Harold M. "Hal" Brierley
- Born:: 1943
- Residence:: Dallas, Texas
- Occupation:: Executive Chairman / Founder of Brierley+Partners
- Known for:: Pioneering AAdvantage
- Spouse:: Diane Walden Brierley

= Harold Brierley =

American business executive (born 1943)

Harold Brierley is an American business and marketing executive focused on loyalty programs.

== Background ==
Born in 1943, Brierley earned a B.S. in chemical engineering from the University of Maryland and an MBA from Harvard Business School with a Baker Scholar distinction. After graduating, Brierley worked as a research assistant for Harvard professor Charles M. Williams and co-founded Epsilon Data Management with former Harvard classmates in 1968.

== Business career ==
In 1980, a former classmate from Harvard hired Brierley to design American Airlines' traveler rewards program. Brierley later became the vice president of sales and marketing for Pan American World Airways in 1982, where he developed the WorldPass loyalty program. After a year at Pan Am, Brierley left to become the senior vice president of marketing for Continental Airlines.
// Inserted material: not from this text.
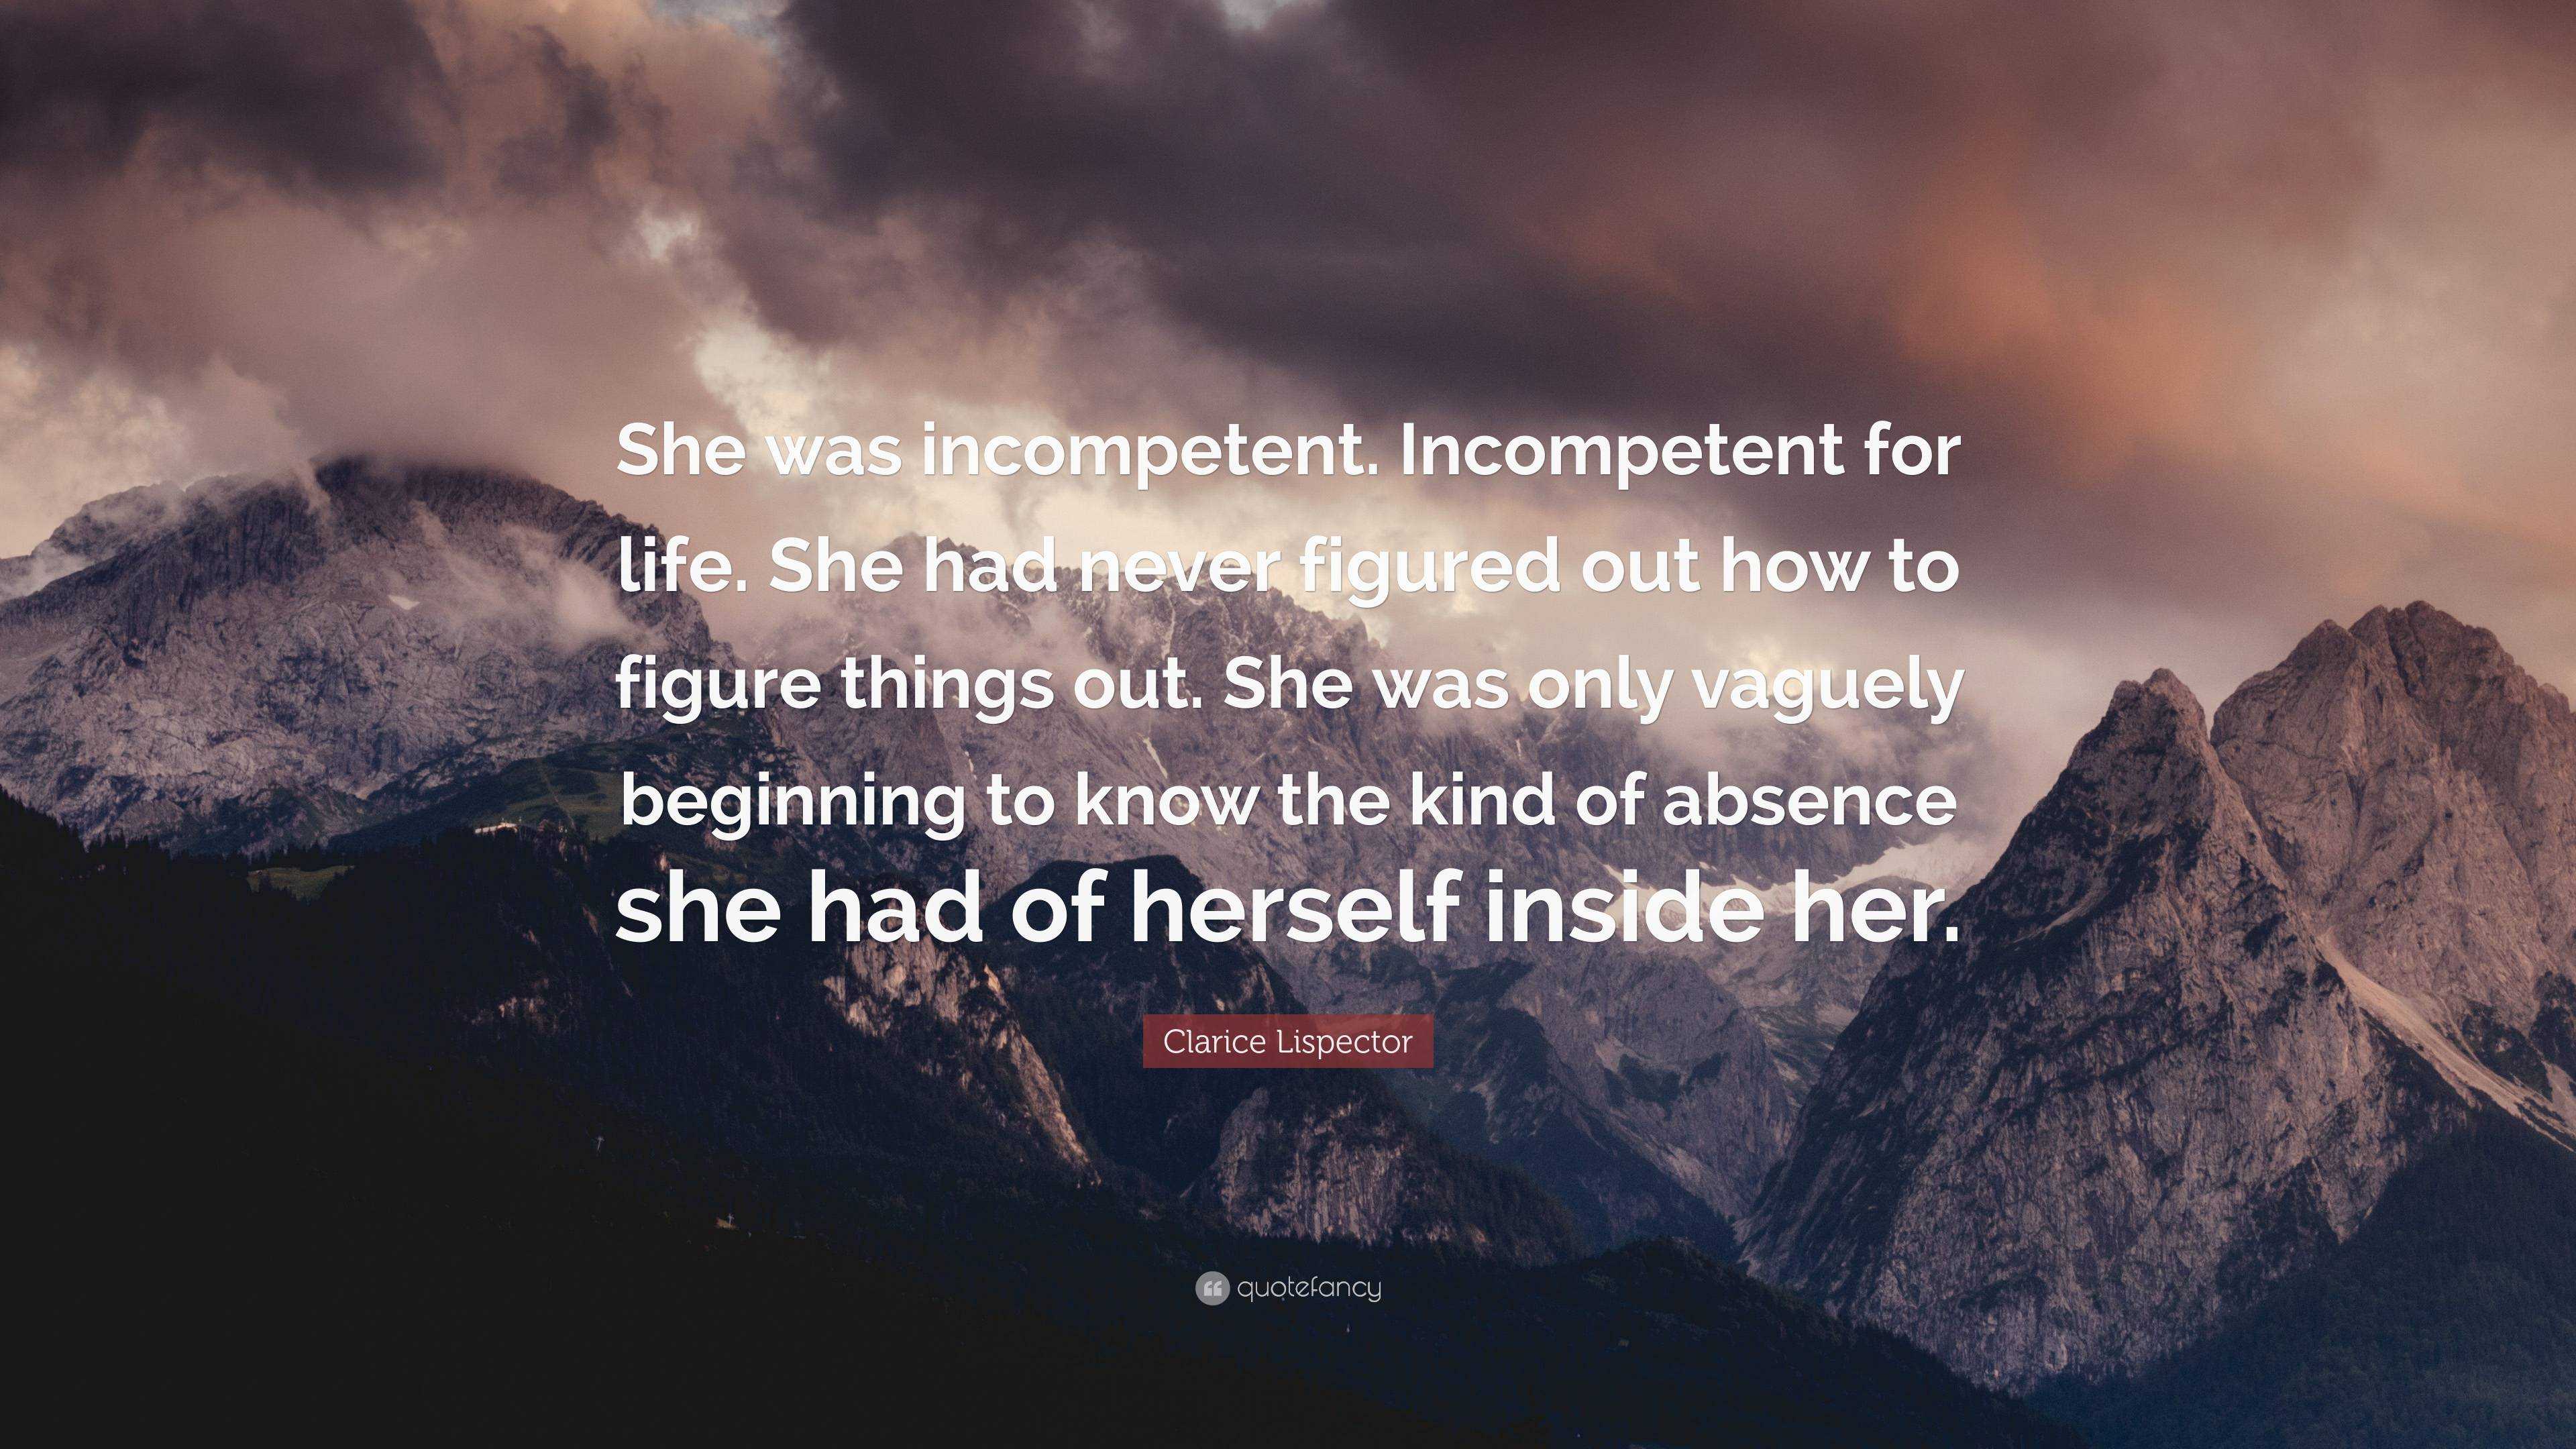 Clarice Lispector Quote: “She was incompetent. Incompetent for life ...
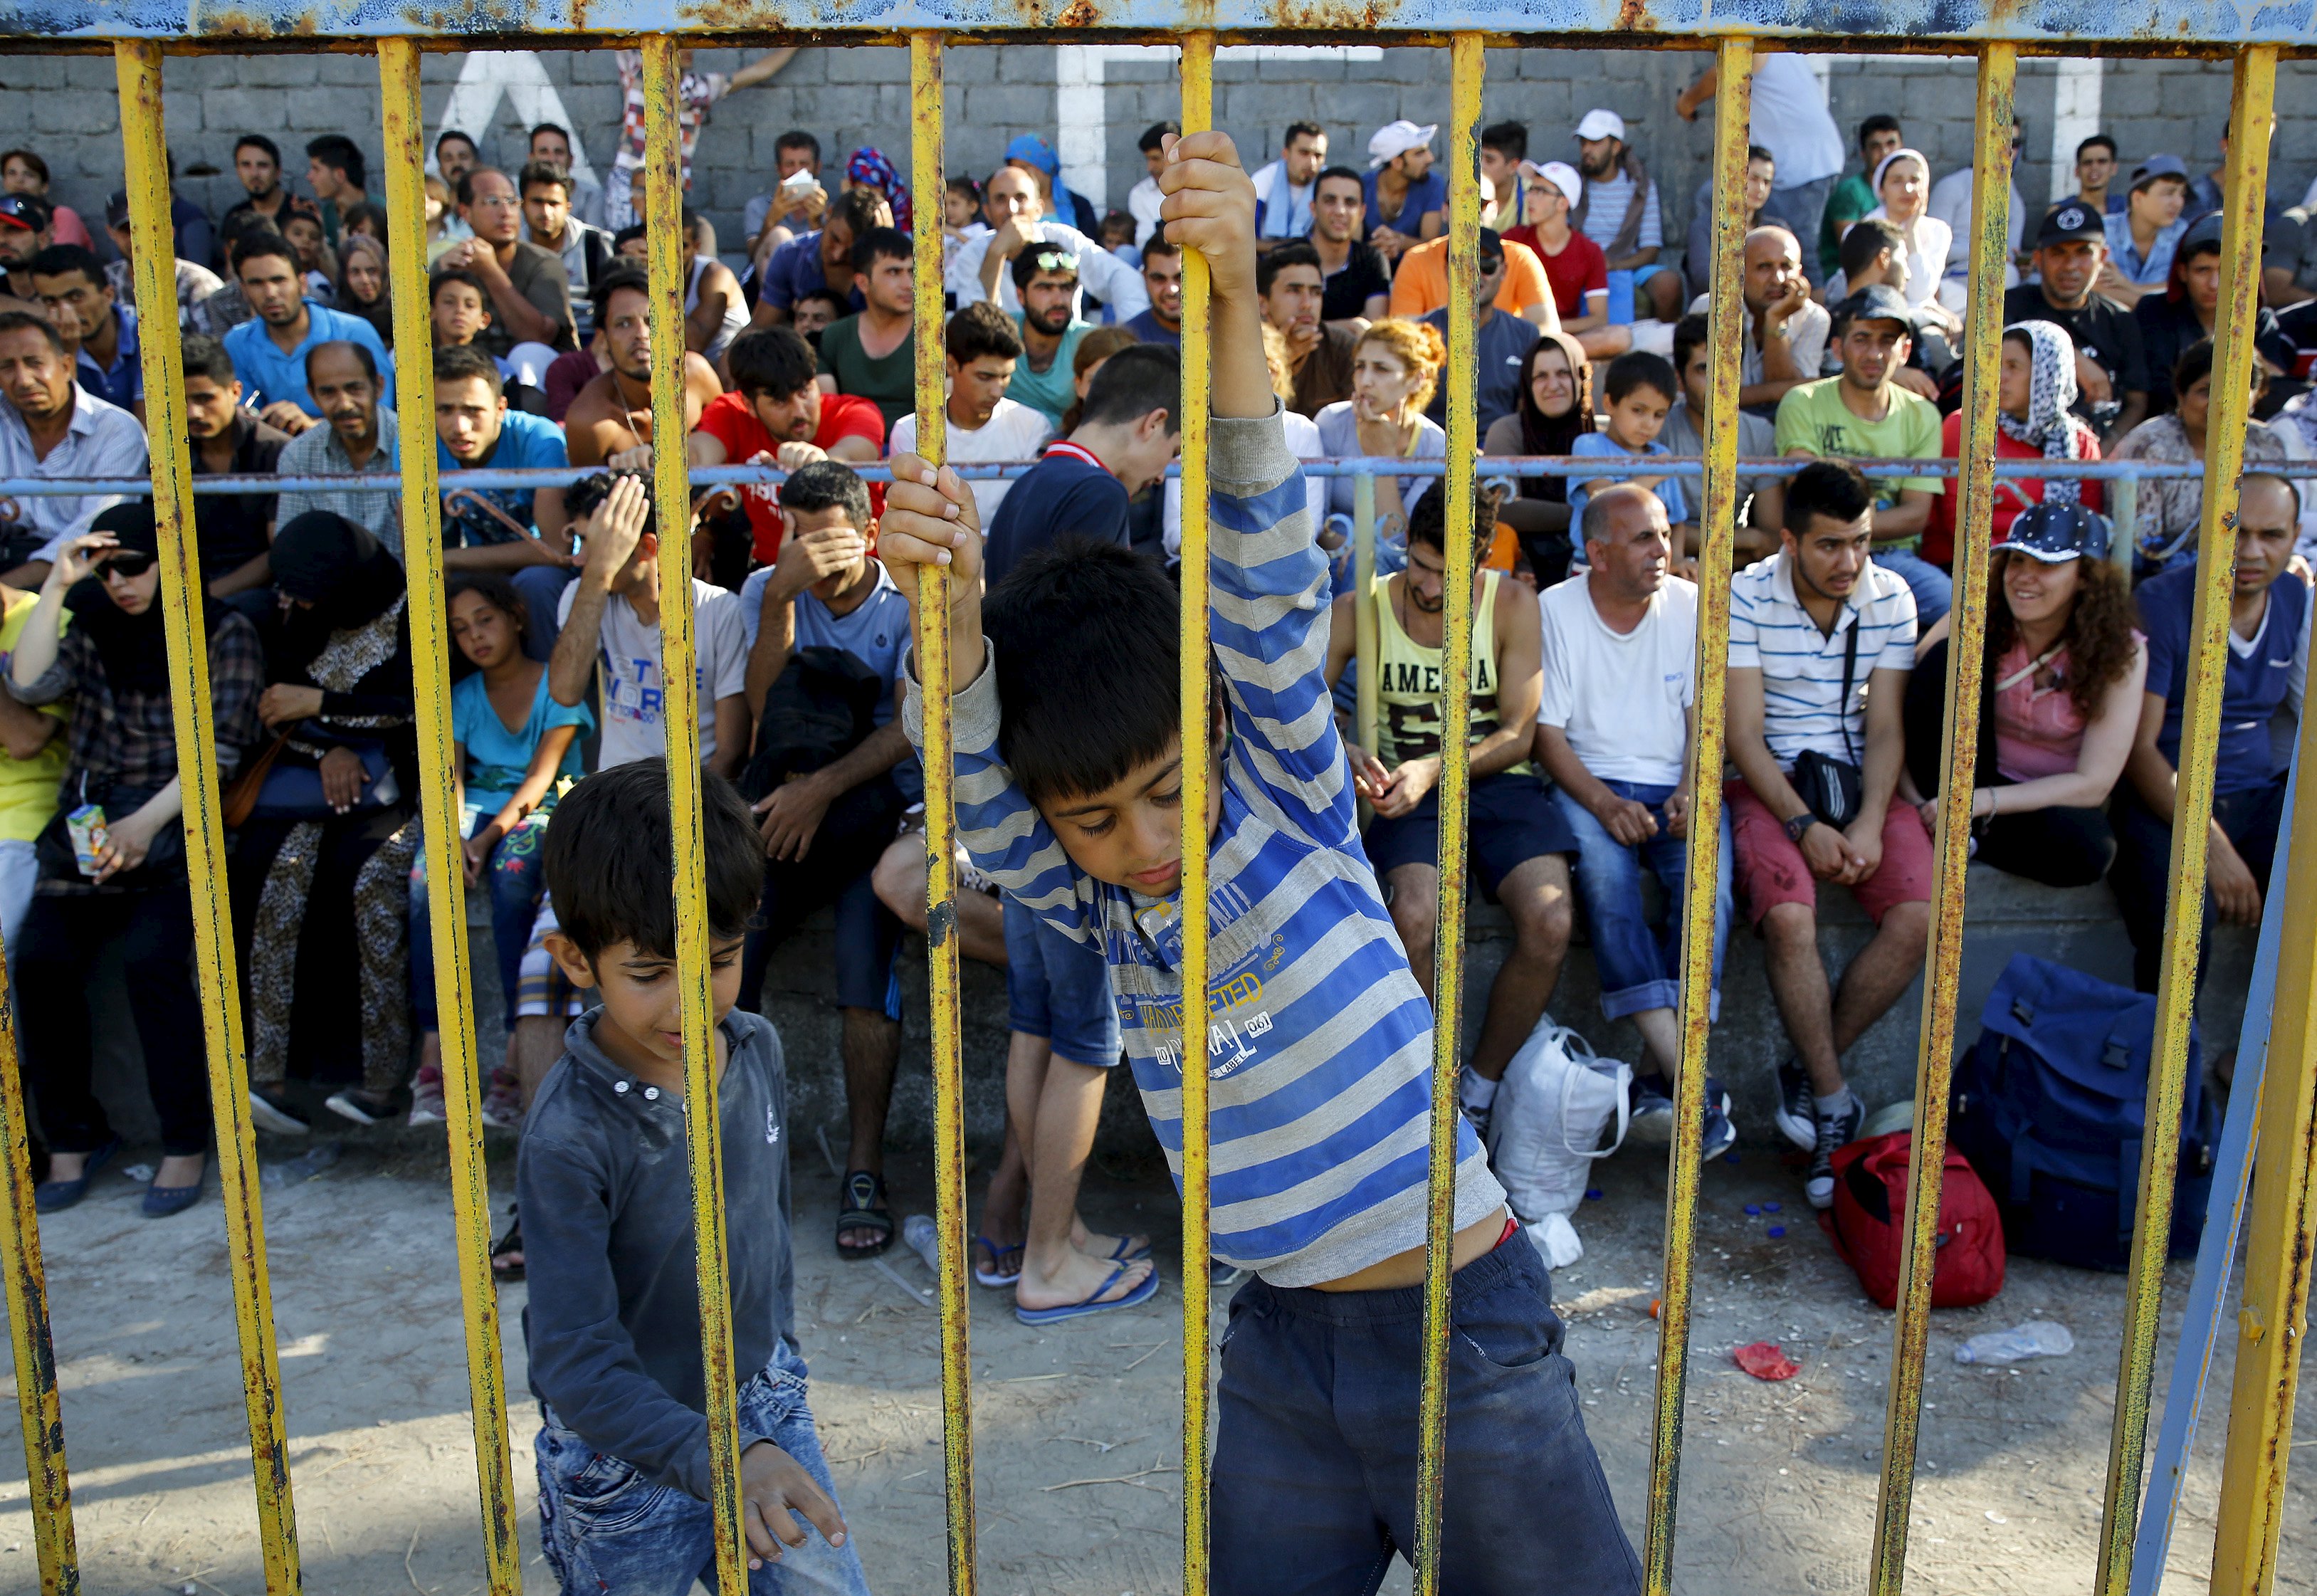 Syrian refugees pack the stands inside the national stadium on the Greek island of Kos August 11, 2015. Local authorities are struggling to cope with the increasing numbers of migrants and refugees arriving in dinghies from the nearby Turkish coast. Police ushered most migrants into the stadium, packing the stands, in order to speed up the registration process. Some migrants set up tents while police stood guard in riot gear. REUTERS/ Yannis Behrakis

== Entrepreneurial career ==
In 1985, Brierley opened Brierley+Partners (B+P), a loyalty program consultancy; and launched e-Rewards, Inc., a firm that collects consumer data for engineering loyalty programs, in 1999. In 2006, Brierley created e-Miles, Inc under the B+P umbrella.

Brierley teaches a course on the founding of Epsilon Data Management at Harvard Business School.